Nitekim Âyet-i kerime’sinde şöyle buyurmaktadır:

“Onlar o kimselerdir ki, Allah imanı kalplerine yazmış ve onları kendinden bir ruh ile desteklemiştir.” (Mücâdele: 22)

Herkeste bir ruh var, onlarda iki ruh var.

Bu Kudsî ruh Allah-u Teâlâ’nın bizzat desteğidir. Bu Kudsî ruh ile, Resulullah Aleyhisselâm’ın nuru ile bu esrarlar ancak bilinir ve çözülür, başkasına şâmil değildir.

Bu ilmi kâğıda dökmemizdeki gayemiz, böyle bir ilmin oluşunu, ehlinin de mevcut olduğunu belirtmektir.

Allah-u Teâlâ zâhirî ilimlerin öğrenilmesi için yeryüzünden âlimleri eksik etmediği gibi, bâtınî ilimlerin öğrenilmesi için de bâtınî ulemayı, mârifetullah ehlini eksik etmemiştir.

Ve fakat bu gibi kimseler yok denecek kadar azdır.

Bu ilim marifetullah ehline, Has ve Hass’ül-has olanlara verilen ilimlerdir.

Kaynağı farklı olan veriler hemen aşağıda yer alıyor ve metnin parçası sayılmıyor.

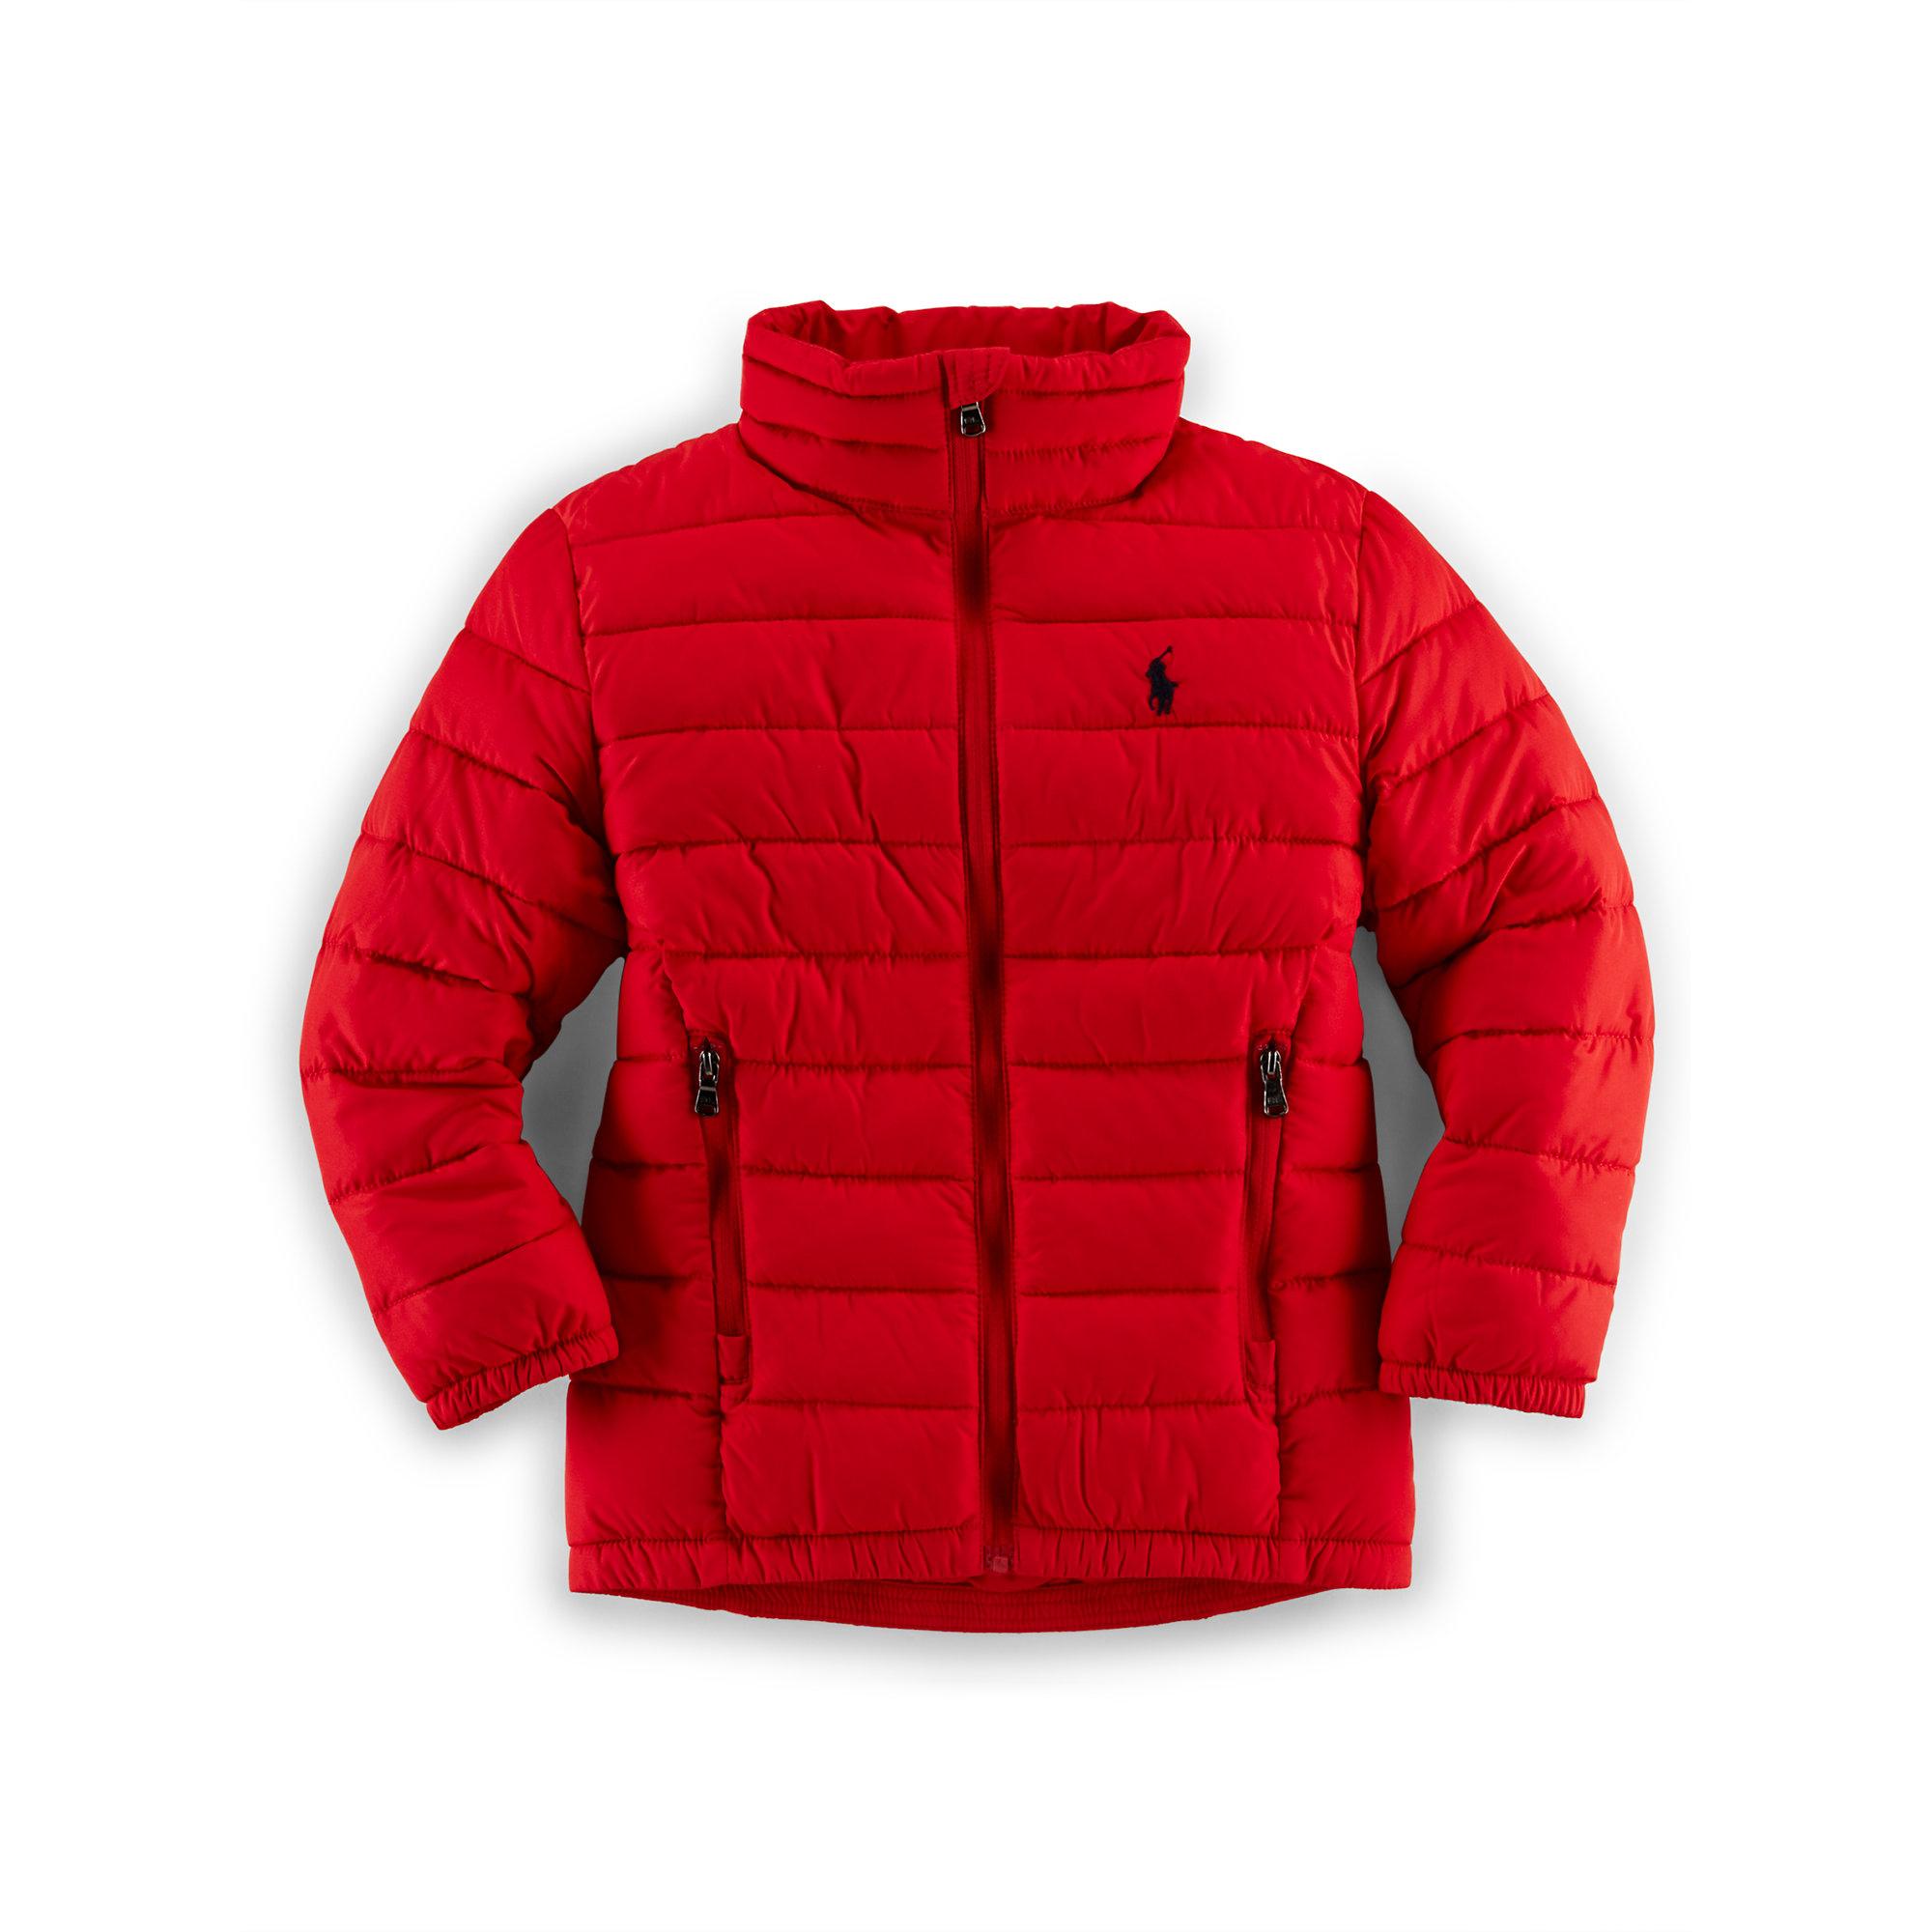 ralph lauren lightweight puffer jacket in red lyst. Black Bedroom Furniture Sets. Home Design Ideas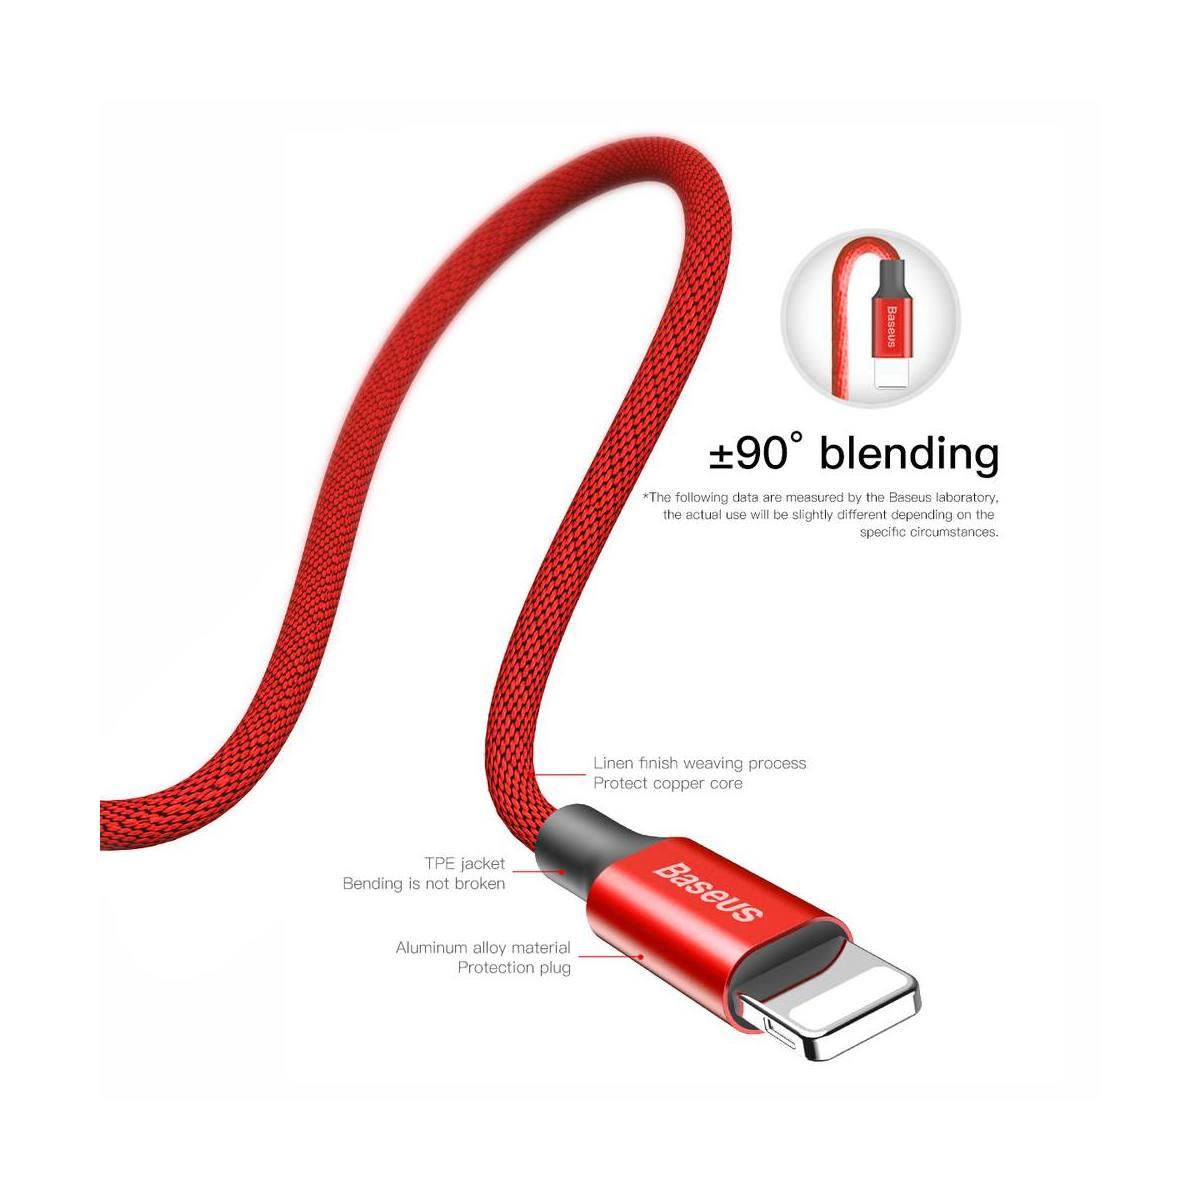 Baseus Lightning kábel, Yiven 1.5A, 3m, piros (CALYW-C09) LKUFPG

Onların ilimleri dahi derece derecedir. Marifetullah ehlinin ilmi ayrıdır, Has olanın ilmi ayrıdır, Hass’ül-has olanın ilmi yine ayrıdır. Onun içindir ki sakın ileriye gidip çizmeden yukarıya çıkma, anlayayım deme. Bu ilim size ait değildir, ilâhi bir lütuftur.

Allah-u Teâlâ’nın sevip seçtiği, kendisine çektiği, esrârını duyurduğu kimseden başka bu sırrı bilen olmaz. Gören yalnız bunlardır.